A bicycle pump is a type of positive-displacement air pump specifically designed for inflating bicycle tires. It has a connection or adapter for use with one or both of the two most common types of valves used on bicycles, Schrader or Presta. A third type of valve called the Dunlop (or Woods) valve exists, but tubes with these valves can be filled using a Presta pump.
Several basic types are available:
Compact or mini
Blast or tubeless
In its most basic form, a bicycle pump functions via a hand-operated piston. During up-stroke, this piston draws air through a one-way valve into the pump from outside. During down-stroke, the piston then displaces air from the pump into the bicycle tire.
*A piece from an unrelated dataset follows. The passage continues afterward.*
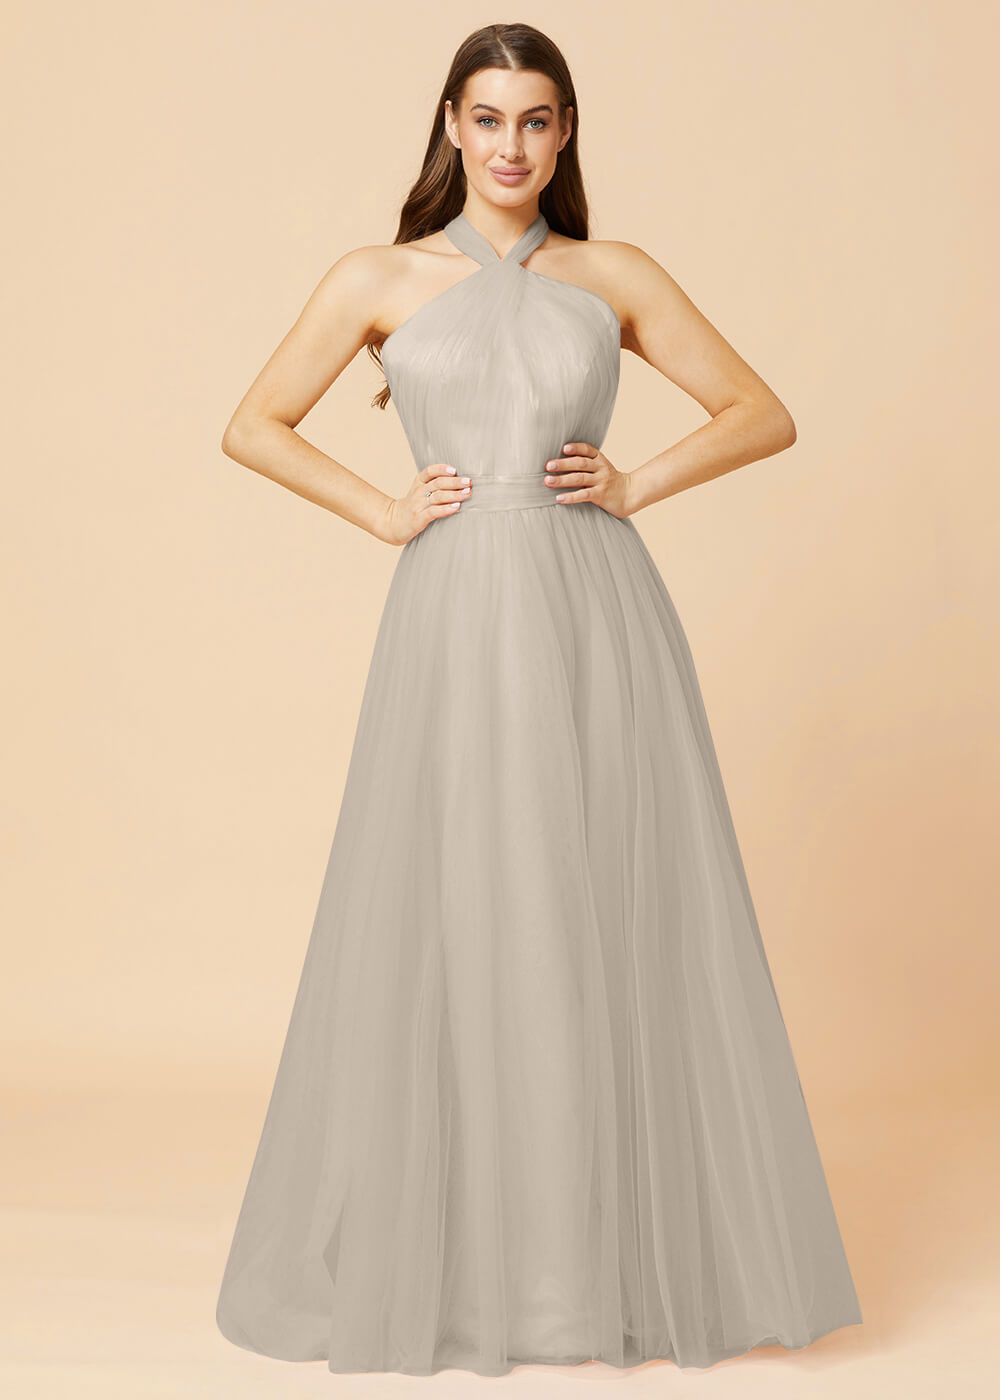 Halter Neck A-line Tulle Bridesmaid Dress

Most floor pumps, also commonly called track pumps, have a built-in pressure gauge to indicate tire pressure.
Electrically-operated pumps intended to inflate car tires (as available in most service stations) can in principle be used to inflate a bicycle tire if the right type of connection is available. Some such pumps are designed to cut off before a suitable pressure (much higher for a bicycle than a car tire), and will much under inflate the tire. Others may not cut off, but deliver a high rate of flow to fill the larger car tire, with a risk of over inflating and bursting a bicycle tire unless it is stopped with split-second timing.
Inflating tubeless tires requires an initial surge of air to seat the bead, and specialized pumps are available specifically for this task.